As with all steelhead fisheries in southwest Washington, only hatchery fish with a clipped adipose fin and healed scar may be retained. All wild steelhead must be released.

As basic preparation for a steelheading trip, Hymer recommends checking the Northwest River Forecast or other sources for river conditions before heading out. “Most anglers do best when water levels are rising or dropping,” Hymer said. “It's a lot harder to catch steelhead in the peaks and troughs.”

In deciding where to fish, it also helps to know how many smolts were planted in specific rivers and how many adult fish have returned to area hatcheries. In the first case, Hymer recommends checking WDFW’s smolt-planting schedule for 2012. WDFW also posts hatchery returns on a weekly basis.
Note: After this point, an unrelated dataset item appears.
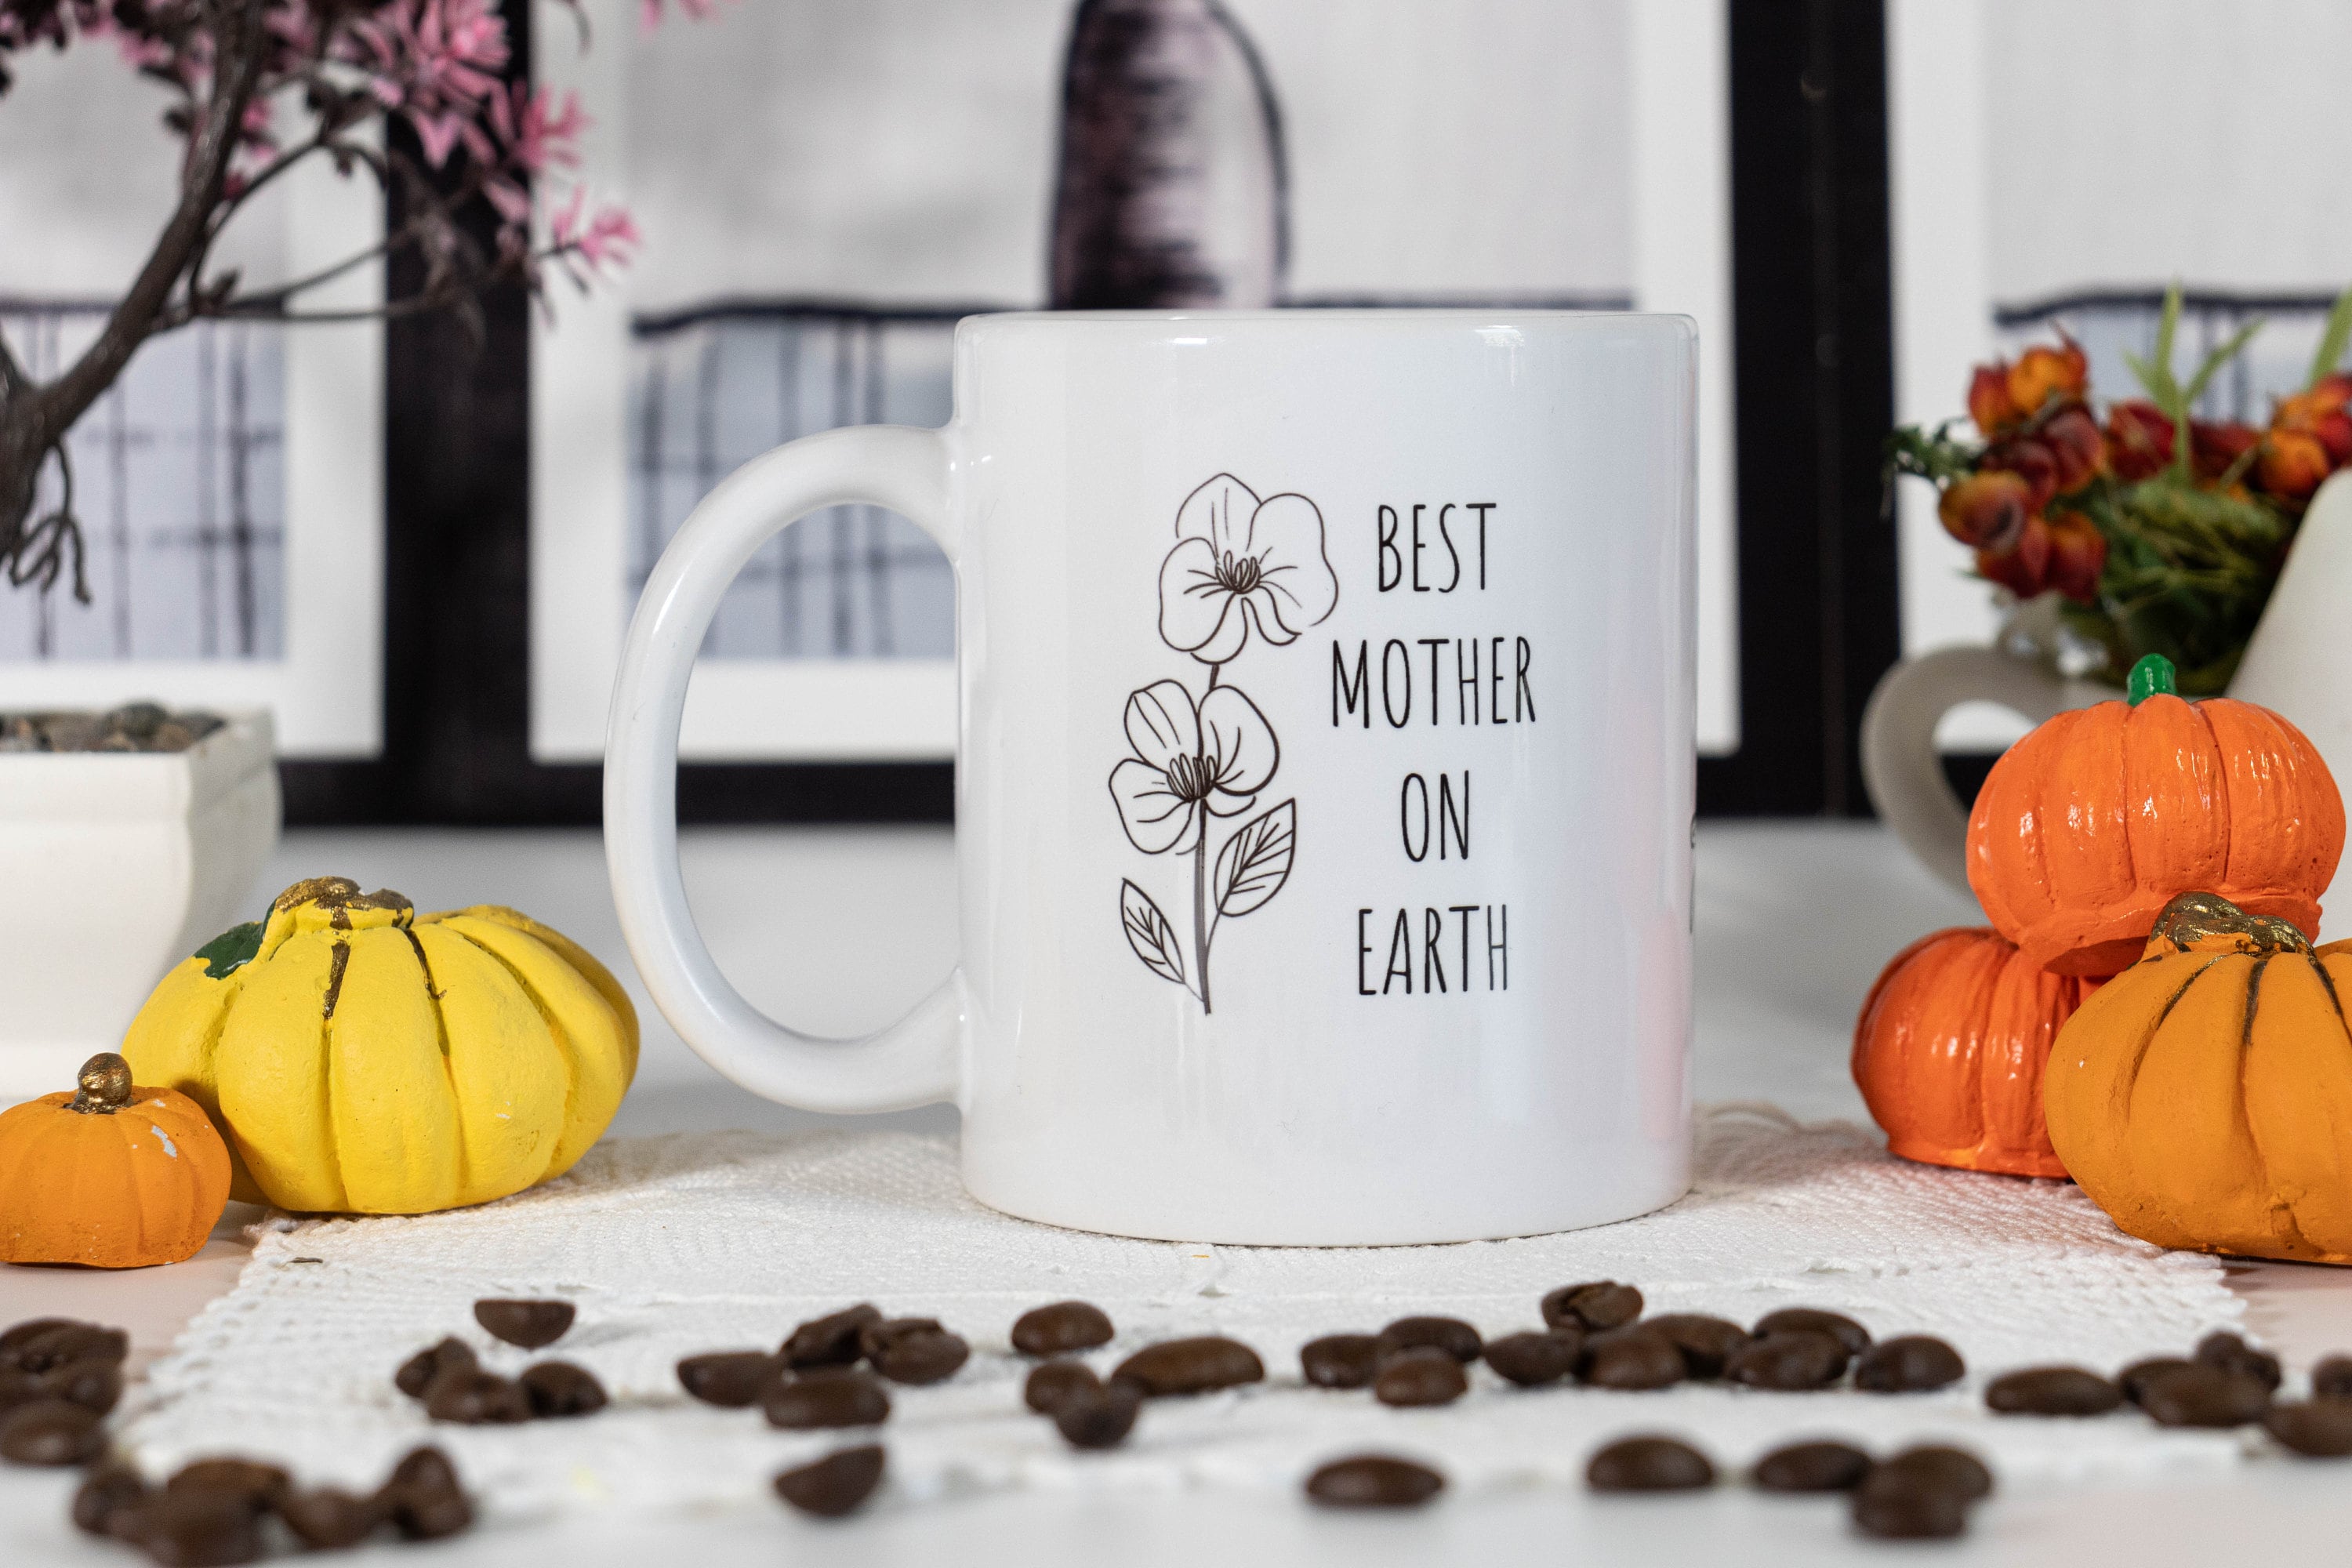 BEST MOTHER on EARTH! - Coffee Mug for Mother's day

While winter steelhead are the main attraction right now, late-stock coho will continue to bite through December. Most of those fish are too dark for consumption, but Hymer said some bright fish are still available. State regulations allow anglers to catch and keep up to six adult coho salmon per day on the Cowlitz, Klickitat, Kalama, Lewis and Washougal rivers – and on the lower portion of the Grays River. Except in the Klickitat River, only those fish with a clipped adipose fin may be retained.

As Hymer sees it, the best bet for coho is the Cowlitz River, where more than 14,000 fish returned through the middle of November. For fall chinook, the North Fork Lewis should continue to produce catchable fish through December.  Any chinook, adipose fin clipped or not, may be retained on the Lewis.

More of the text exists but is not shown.